第5話 追跡
部屋の中でスフレと一緒にお話しながらうとうとしていると、不意に窓の外で影が動くのが見えた。
人だ。
子供が歩いてる。
今は、夜。
夜中に子供だけで行動するなんて危ない事だ。
人攫いに攫われたり、犯罪に巻き込まれたりしてしまう。
普通ならそんな事ありえないはずだけど、もしも普通じゃないとしたら?
じっと見つめていると、なんだか様子が変だった。
道を歩いているの子供達は、どこかぼんやりとした様子。
頭を揺らしながら、おぼつかない足取りで、ふらふらと歩いていたのだ。
こういうのどっかで見た事がある?
えっと、酔っ払い?
ギルドの人たちがたまにハメを外しすぎて、お酒を大量に飲むとこうなっていた。
でも、子供はお酒を飲めないし、飲んじゃいけないって言われてるから。
じゃあ、どういう事だろう?
私はスフレに声をかける。
「スフレあれ見てっ!」
「何ですか?」
スフレは窓の外を眺めて驚いた。
子供が歩いているのを見て「どうしてこんな時間に出歩いているんでしょう」と言う。
少し考えた後、何か思い当たる事があったみたいだ。
「まさか」と彼女は言う。
「例の誘拐事件かもしれません」
「本当!?」
「そうとしか考えられませんよ。
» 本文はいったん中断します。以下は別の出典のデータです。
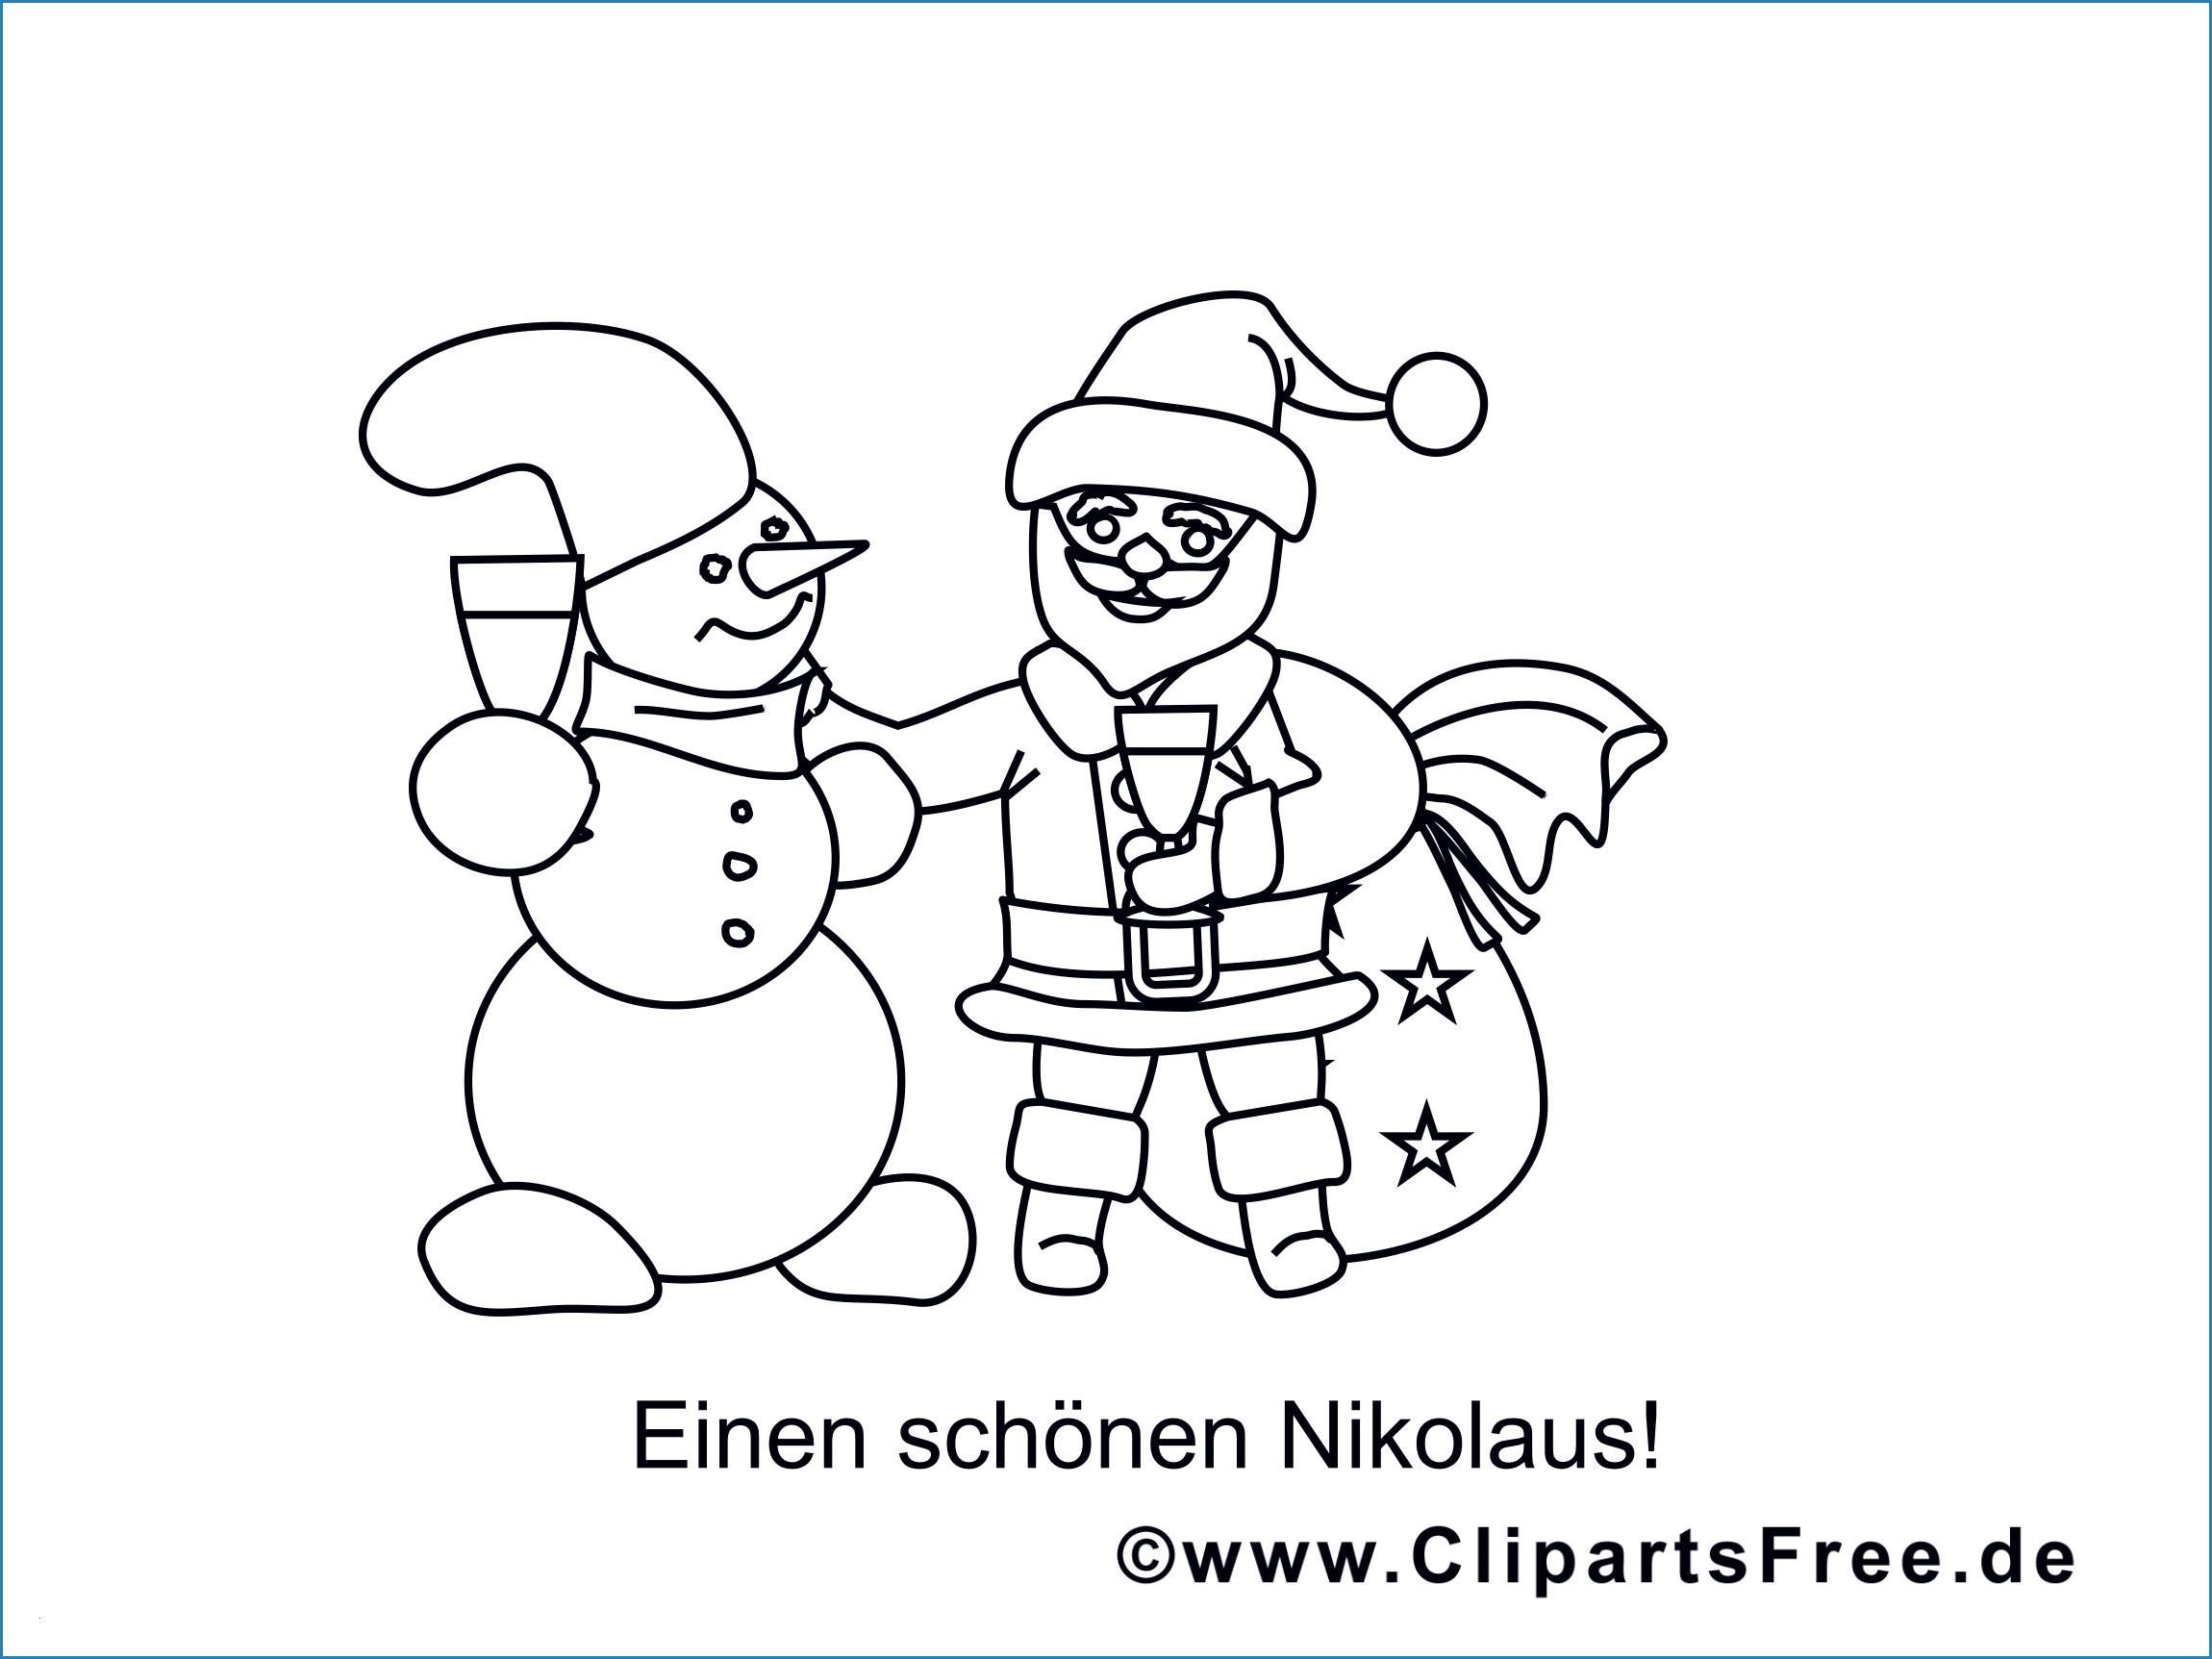 Ausmalbilder Zu Weihnachten Zum Ausdrucken Neu Schneemann Vorlage Zum Ausdrucken Elegant Ausmalbilder Galerie
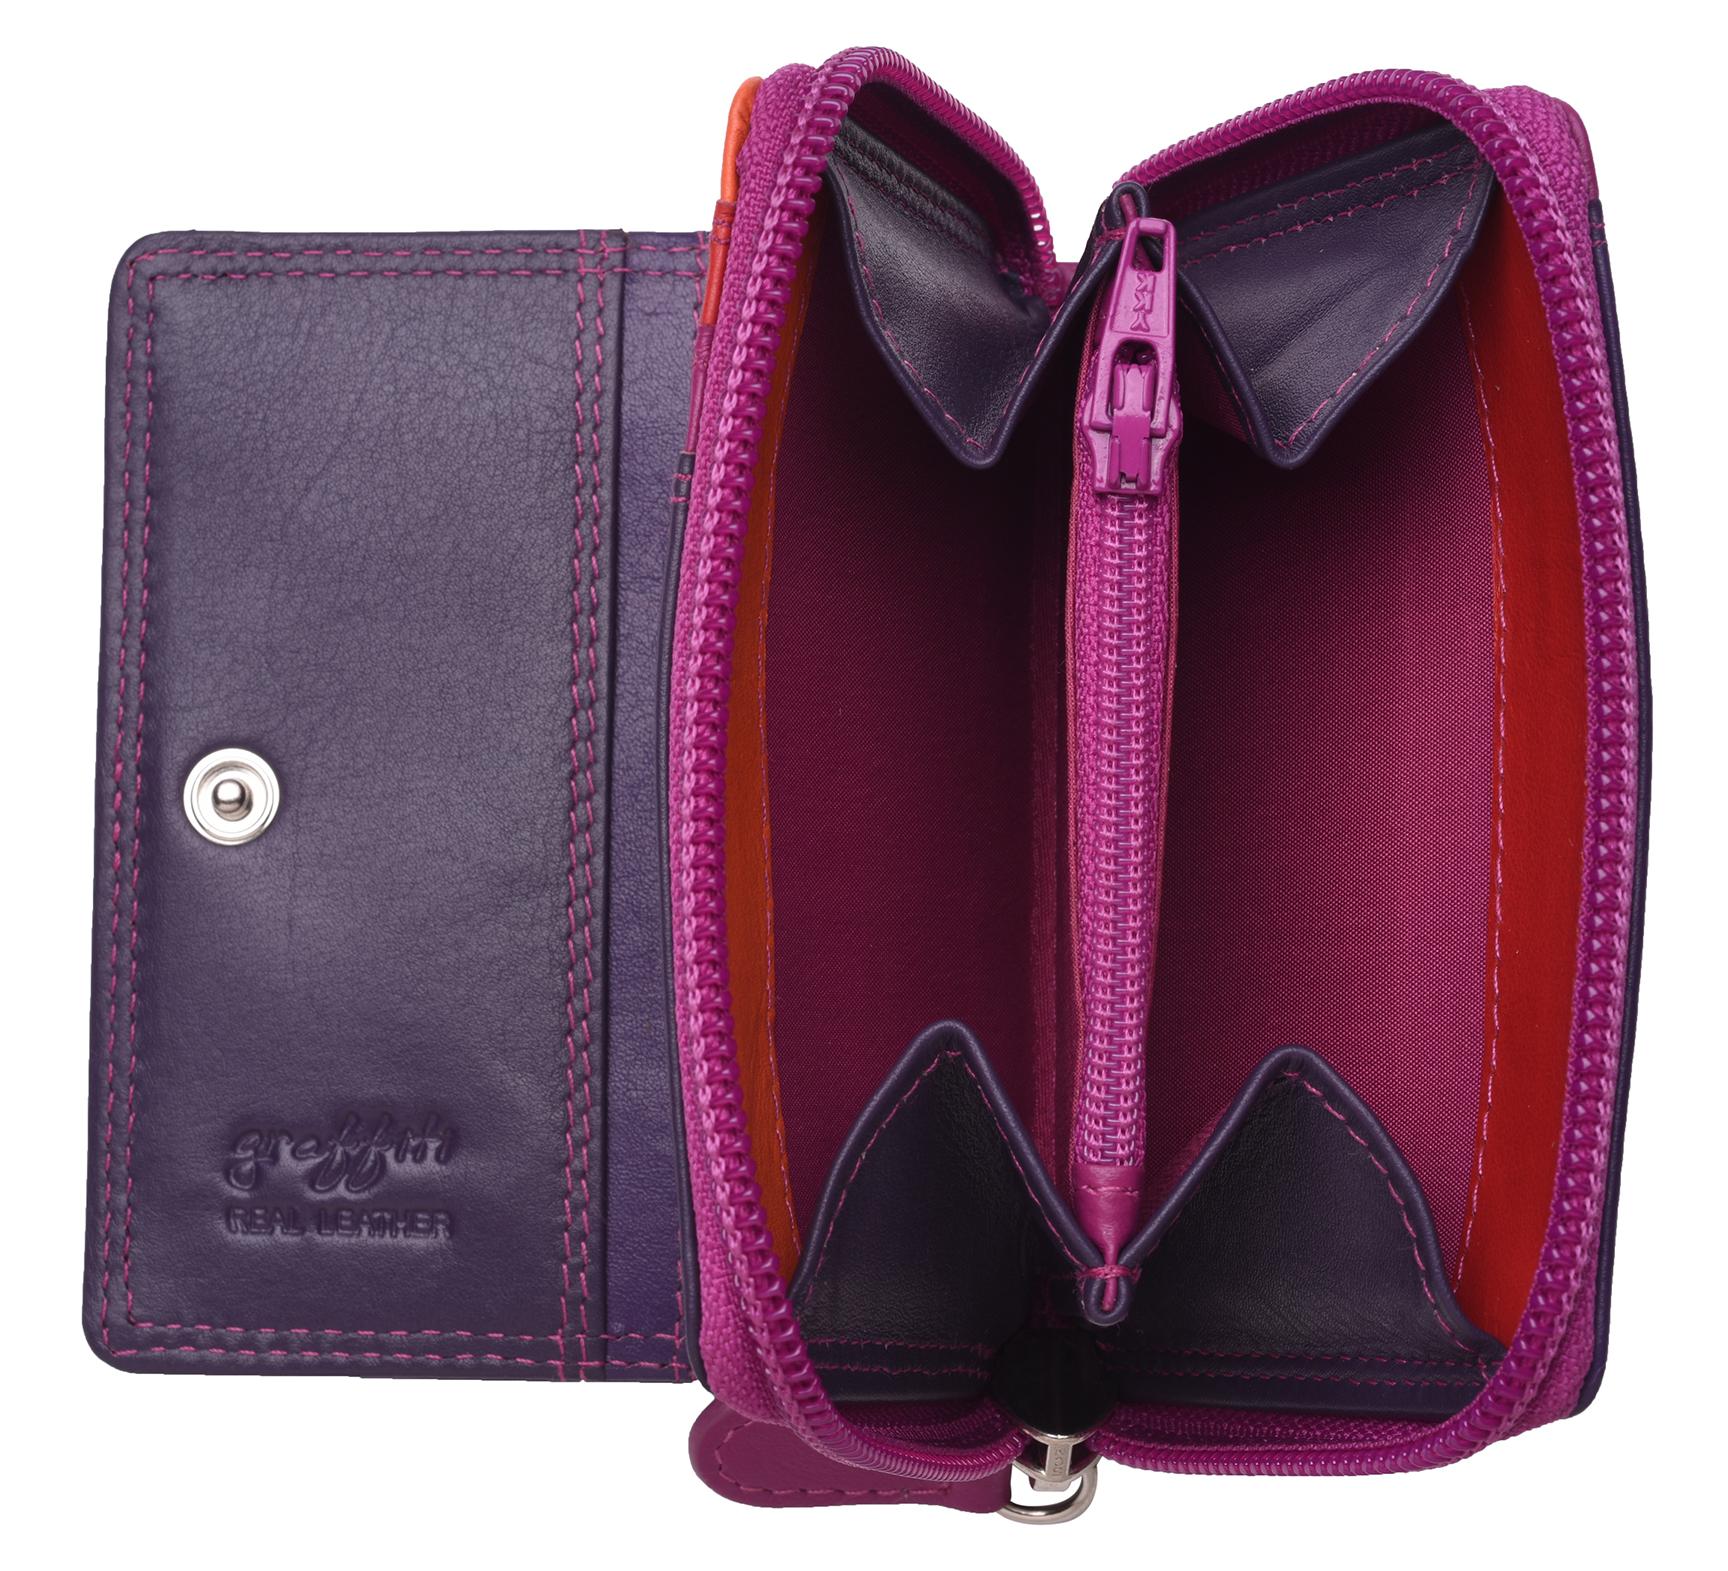 Femme-Femmes-RFID-Bloquant-en-Cuir-Veritable-Petit-Sac-a-main-portefeuille-vert-rose-rouge miniature 19

こうしちゃいられません」
スフレは急いで部屋を出ていく。
「他の人たちに教えなければいけませんね」
「私も行く!」
私達は部屋を出て、急いでギルドに残っている他の人達に伝えようと考えた。
けれど、私は思い直す。
でも、その隙に子供達を見失ってしまったら?
せっかくの手掛かりなのに、そんな事になってしまった大変だ。
それは良くない。
私はスフレについていこうとして、思いとどまった。
そして、部屋に戻って「えいっ!」と、窓から外に出る事にした。